* Input data:
-----

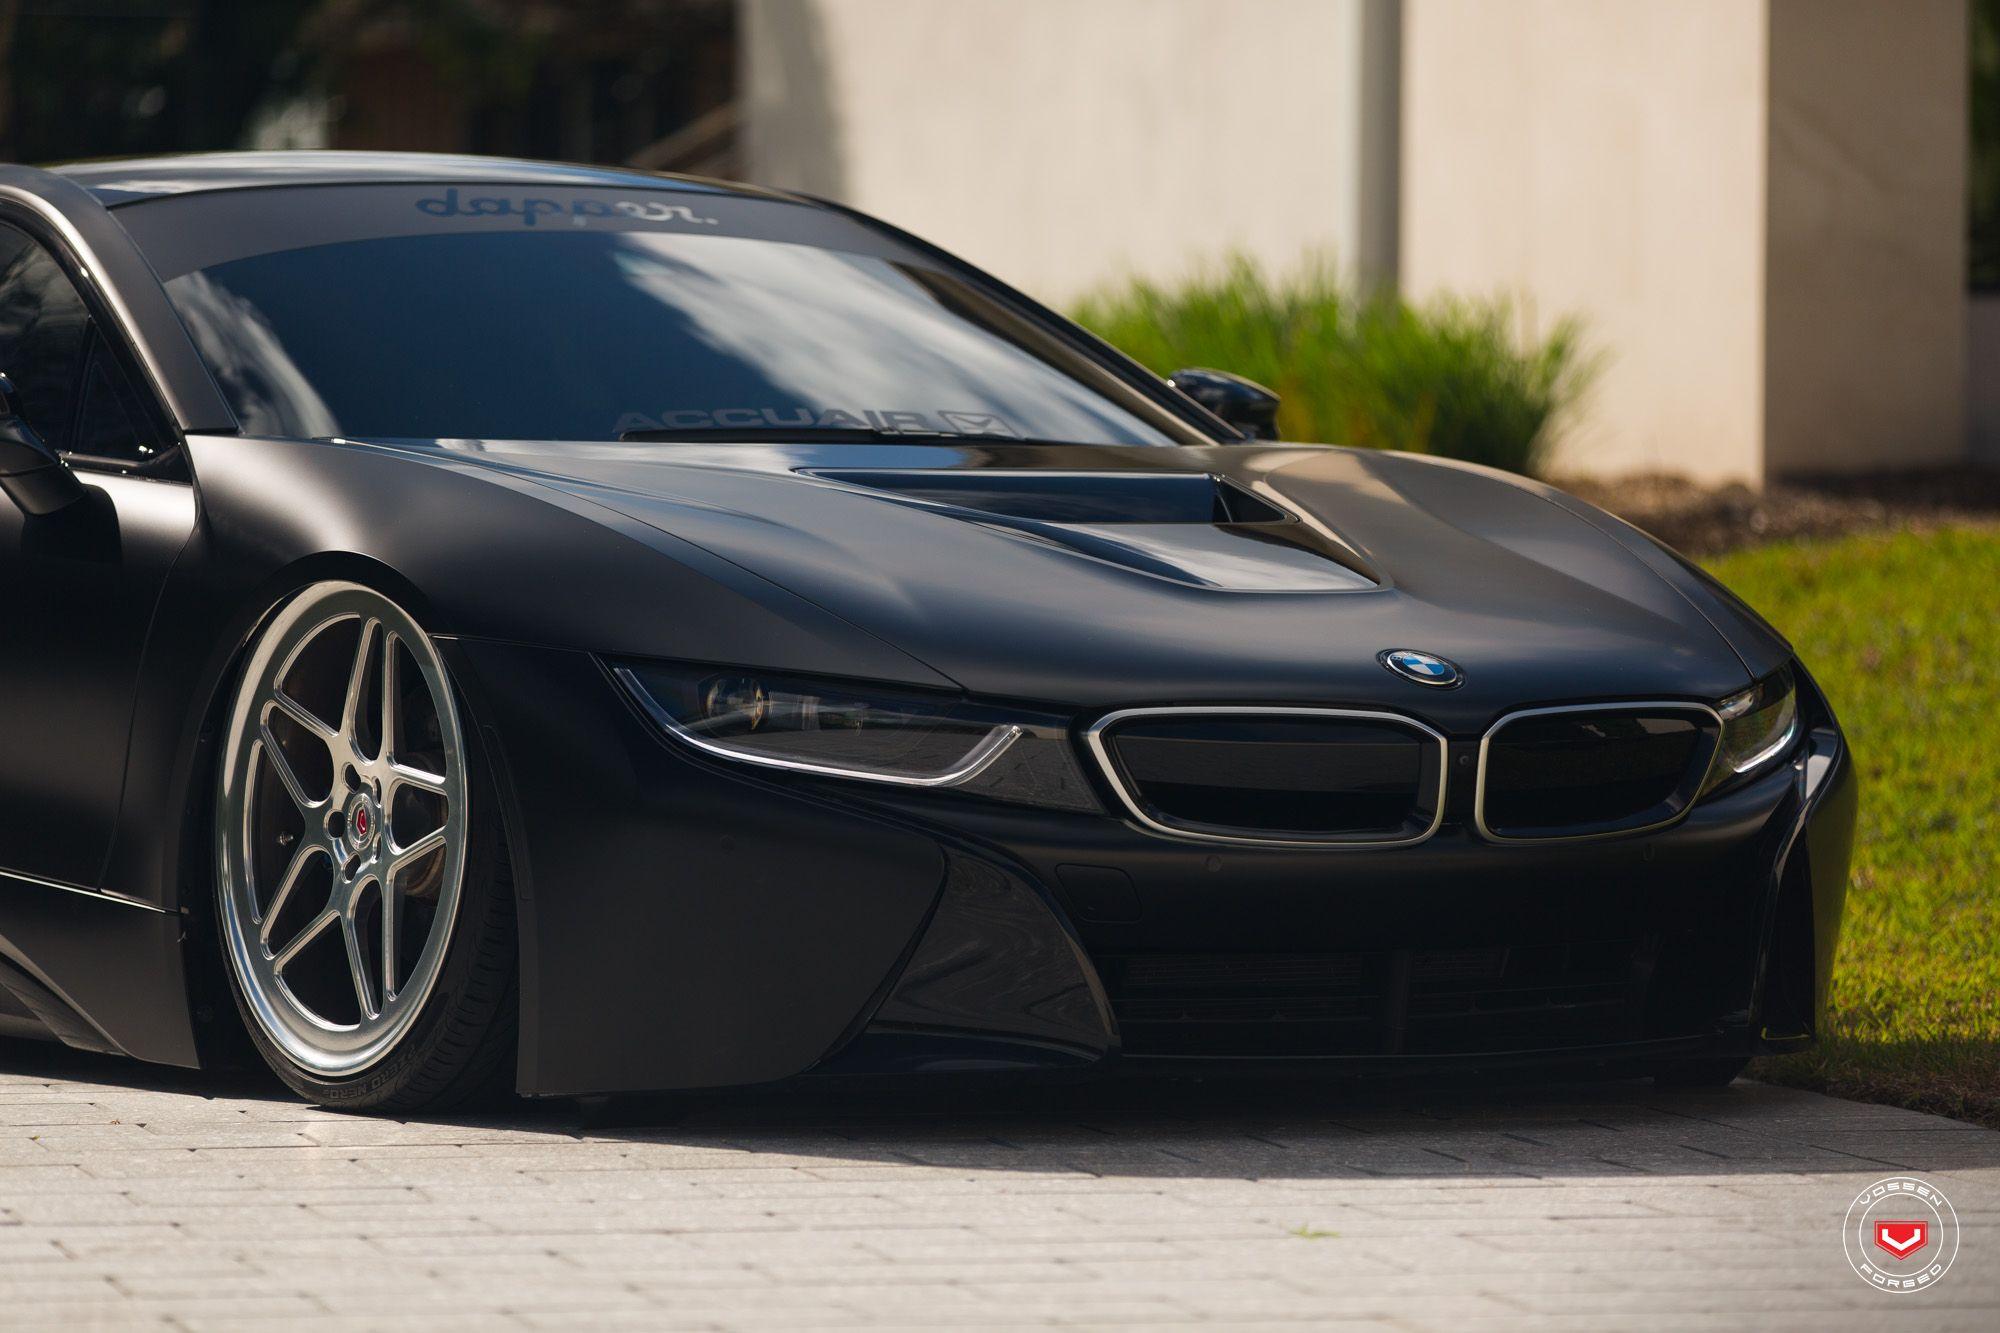 Bmw I8 Edrive Coupe Vossen Wheels Black Pearl Provocative
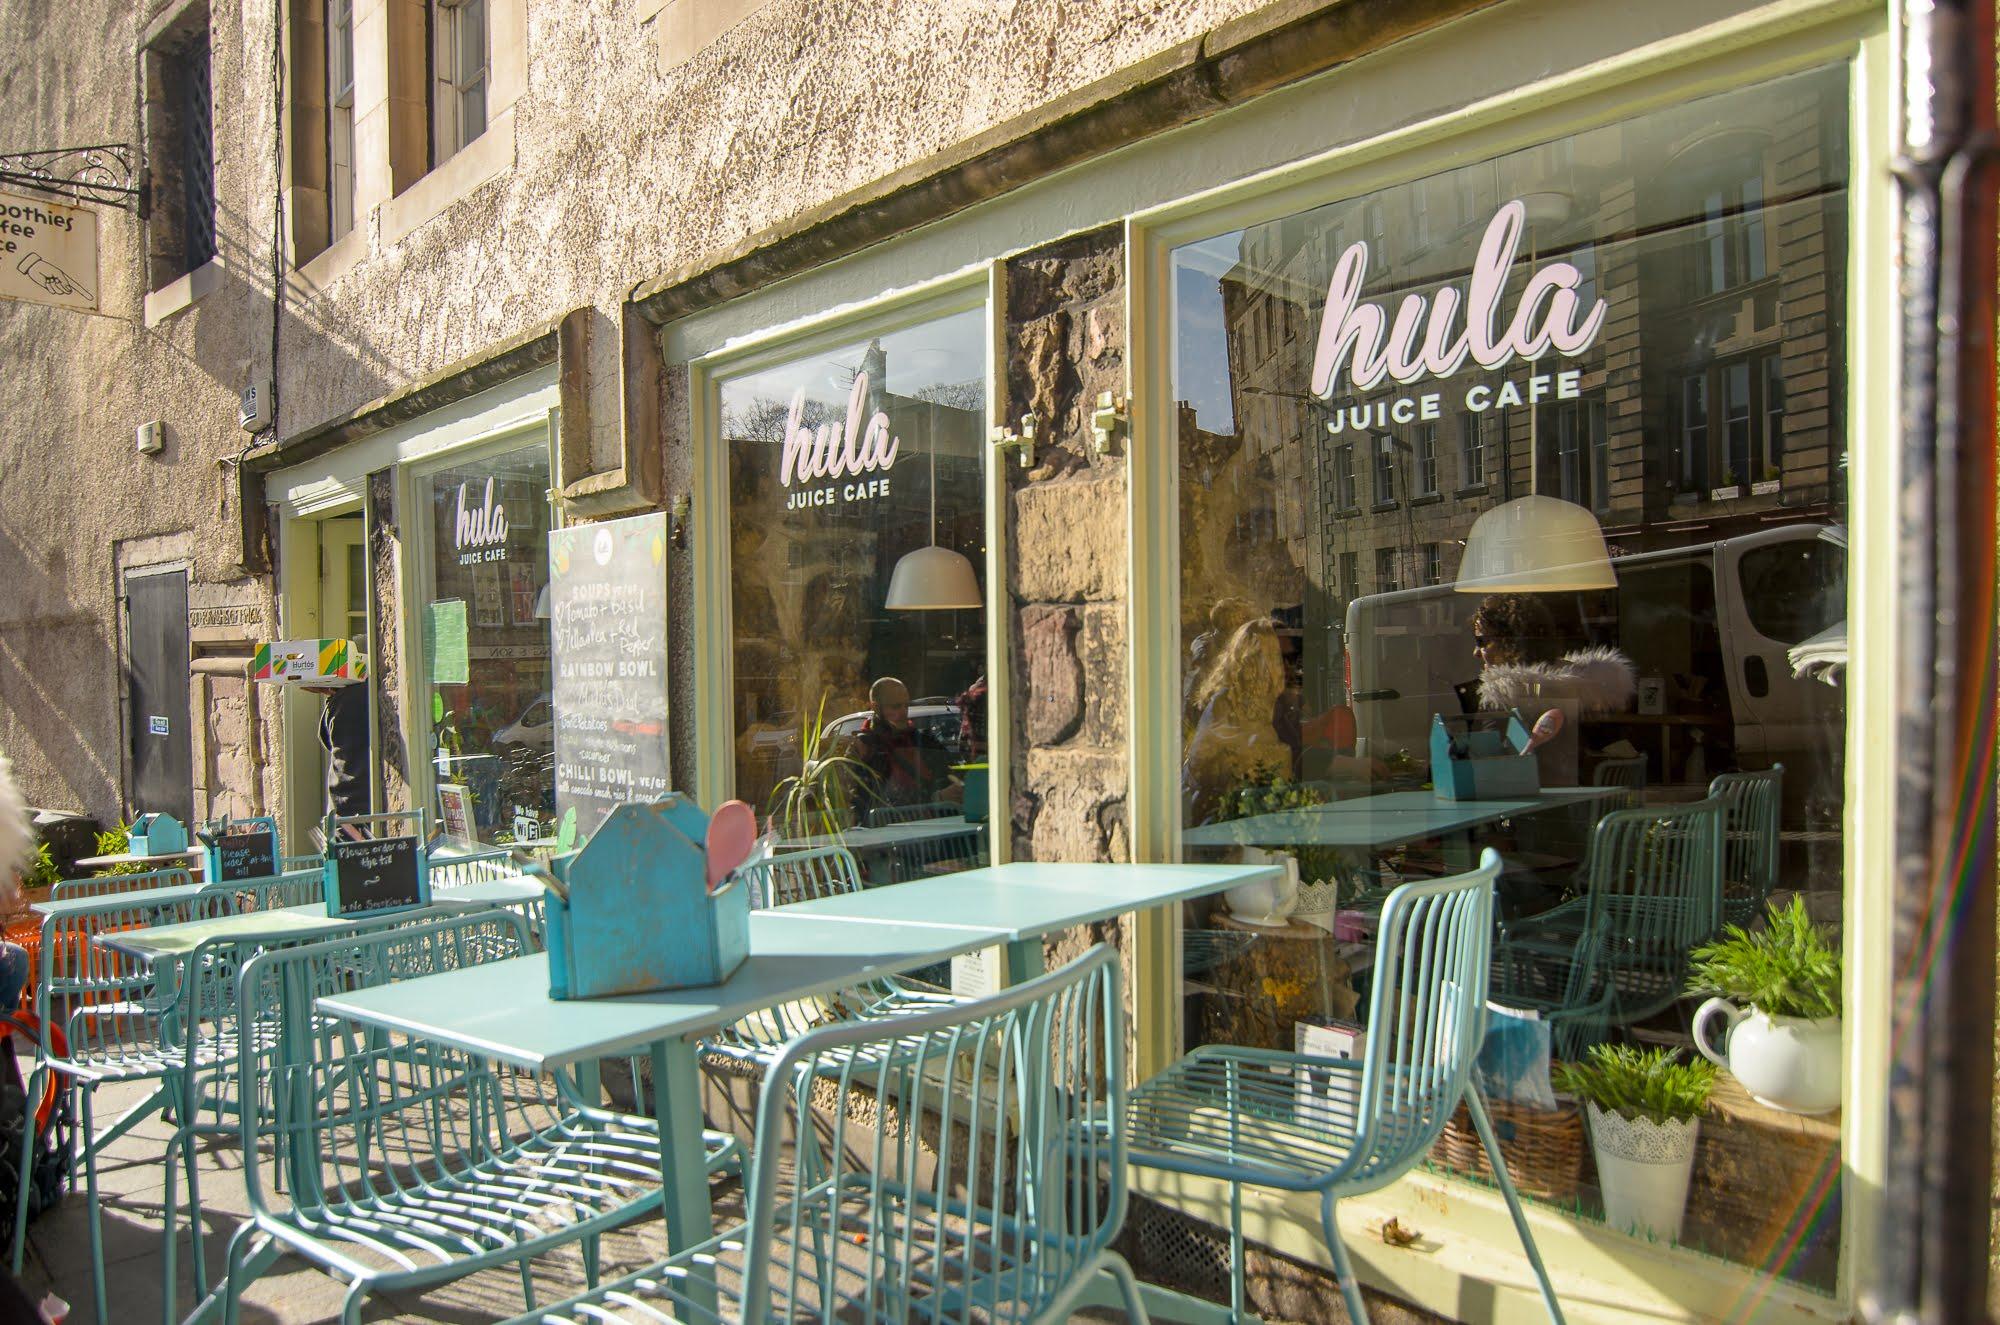 The outside of Hula Juice Cafe
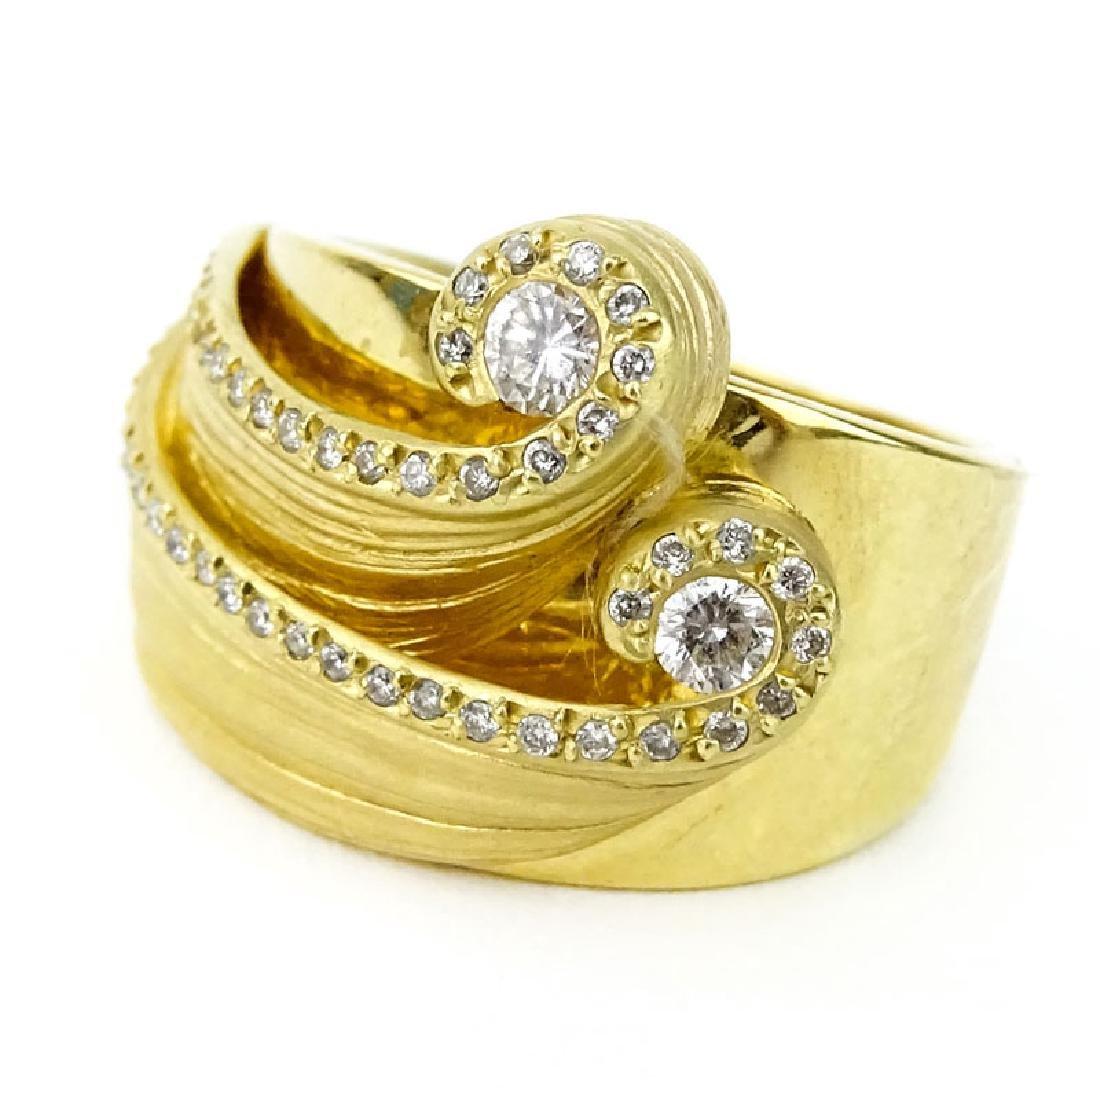 Vancox Approx. .75 Carat Diamond and 18 Karat Yellow
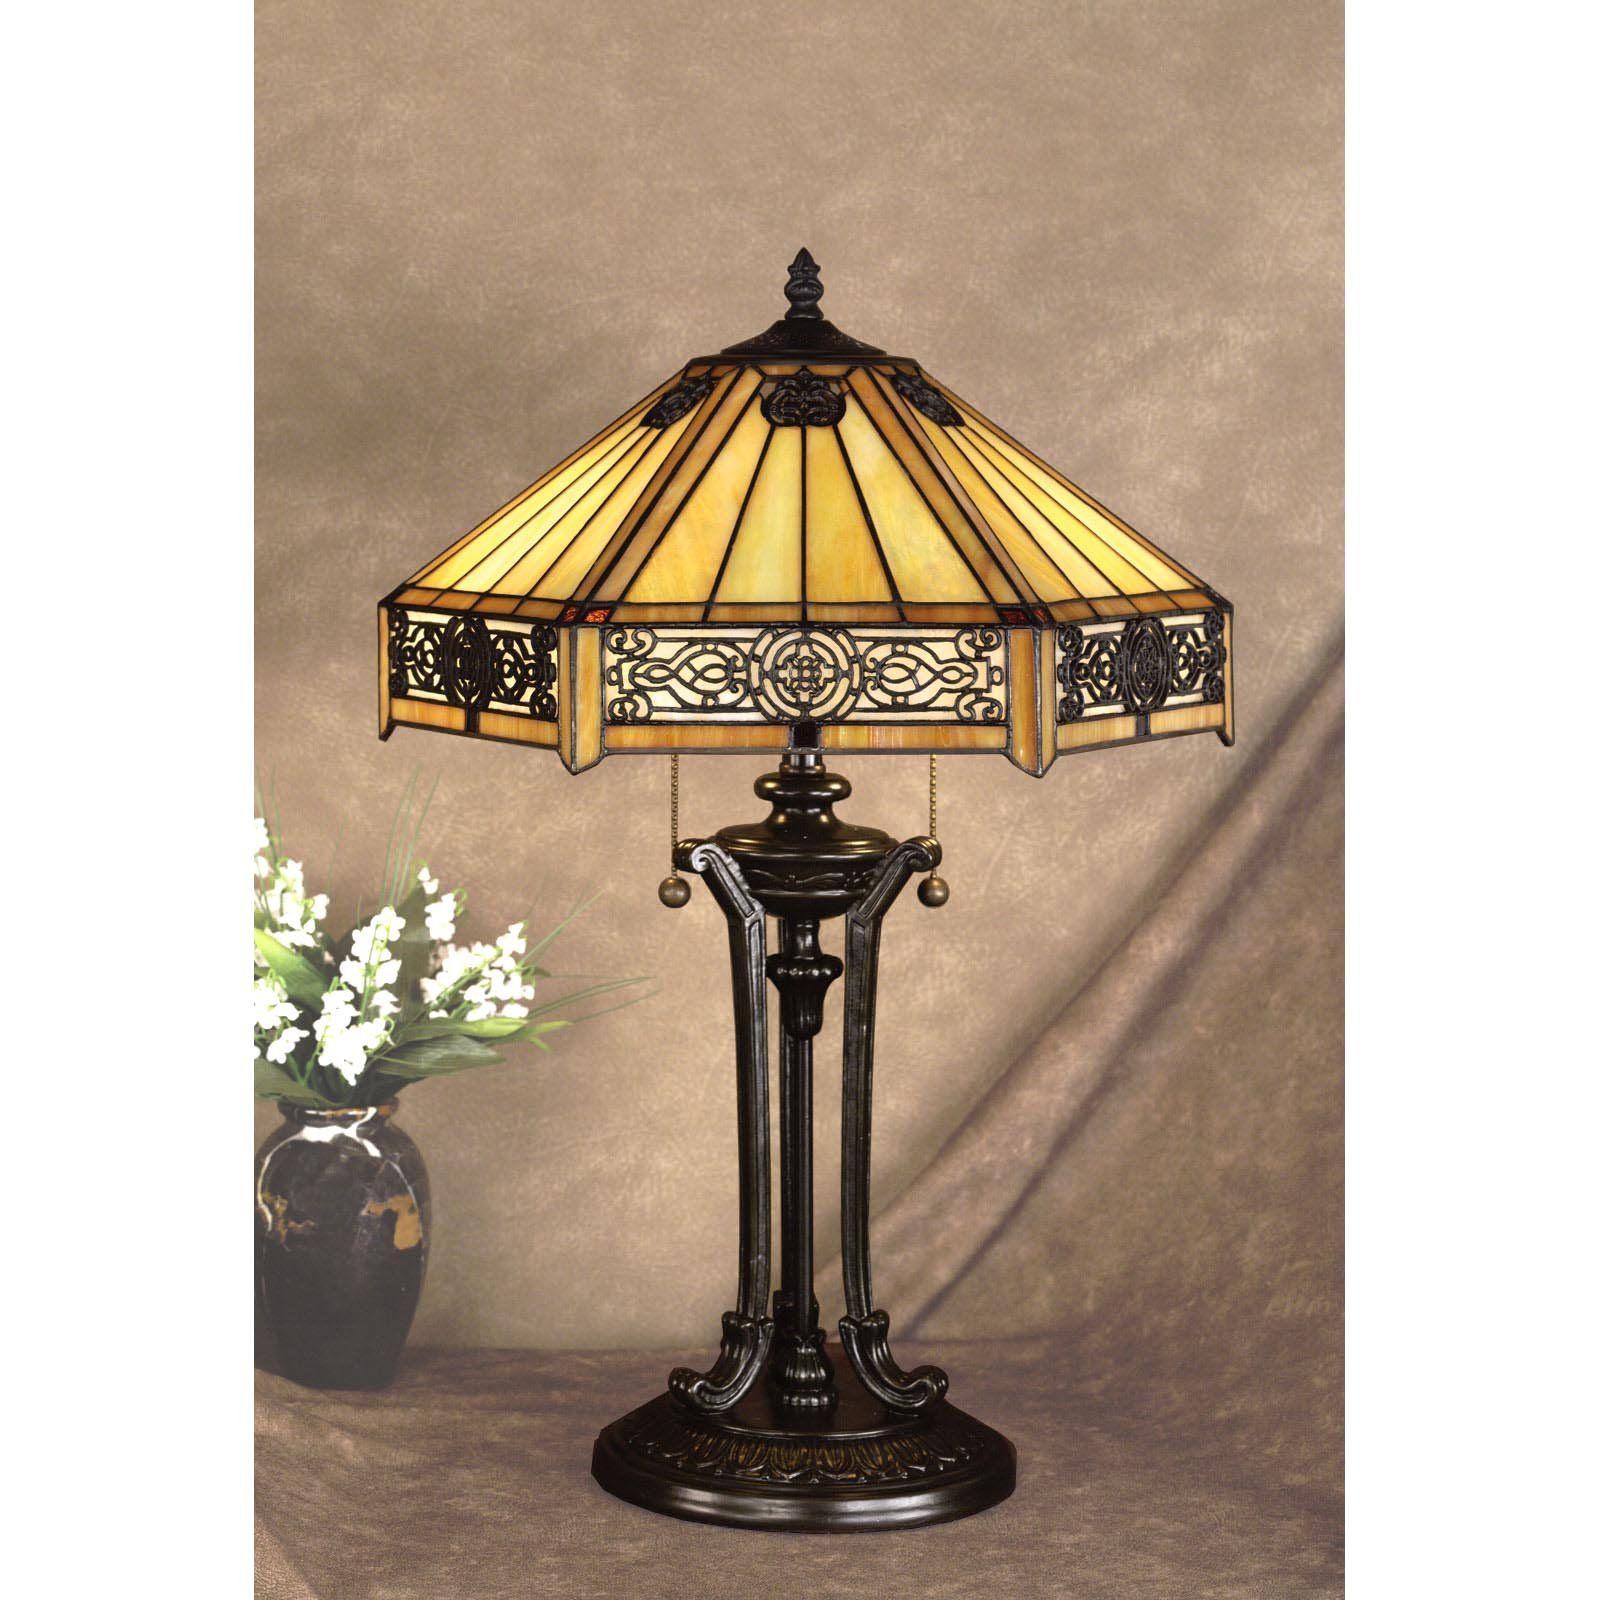 Tiffany Art Nouveau Lamp, Louis Comfort Tiffany

-----

* What is expected:
Omitting all pictures, retype exactly the lines from the line containing "Vancox Approx. .75" down to the last line above, both ends included.

* Finished task:
 Vancox Approx. .75 Carat Diamond and 18 Karat Yellow
 Tiffany Art Nouveau Lamp, Louis Comfort Tiffany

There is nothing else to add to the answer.